Respondents had an additional point before the Court of Civil Appeals by which they urge that this sale should be set aside on proof of inadequacy of price coupled with some wrongdoing, misconduct or unfairness on the part of the person exercising the power of sale under the deed of trust. Respondents contend that there was an inadequate price paid at the foreclosure sale in this case and point to the fact that while the sale was for only $1,200, the jury found the value of the property to be $4,000. Respondents further urge that there is sufficient evidence to go to the jury on the question of unfairness and improper conduct on the part of Conley.
Mere inadequacy of consideration alone does not render a foreclosure sale void if the sale was legally and fairly made. Burnette v. Realty Trust Co., 74 S.W.2d 536, Tex.Civ.App., writ ref. It therefore becomes our responsibility to determine whether from the record a fact issue was raised with respect to the propriety of this sale.

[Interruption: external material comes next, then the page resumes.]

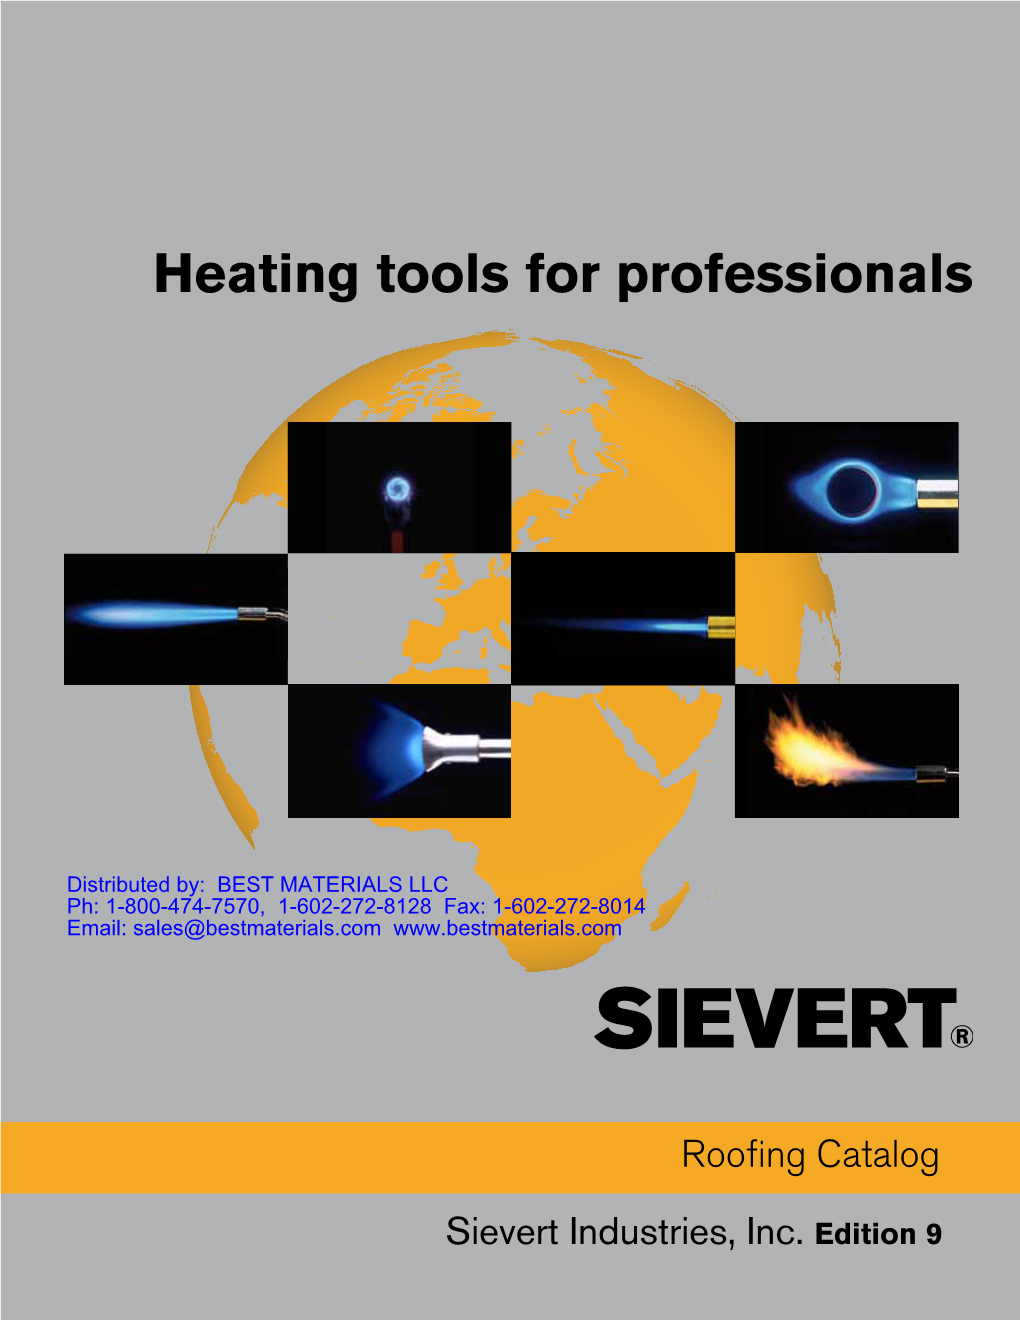 Sievert Roofing Products Catalog

[11, 12] The record shows that Conley recommended to another employee of Tarrant what said employee should bid for Tarrant at the foreclosure sale. Respondents contend that such action on the part of Conley constitutes improper conduct. We do not agree. The rule is well settled in this state that a mortgagee with power to sell may purchase at his own sale made at public auction. Southern Trust Mortgage Co. v. Daniel, 143 Tex. 321, 184 S.W.2d 465; Thornton v. Goodman, 216 S.W. 147 (Tex.Comm.App.). Since this is the law in Texas, it must follow that the mere fact that Conley, an officer of Tarrant, the mortgagee, requested another employee of Tarrant to come to the sale and to bid $1,200 on Tarrant's behalf does not constitute an impropriety on Conley's part. Finding no evidence of unfair or wrongful conduct on Conley's part that could combine with the alleged inadequate price so as to void the foreclosure sale, we overrule this point.
We reverse the Court of Civil Appeals and affirm the judgment of the trial court.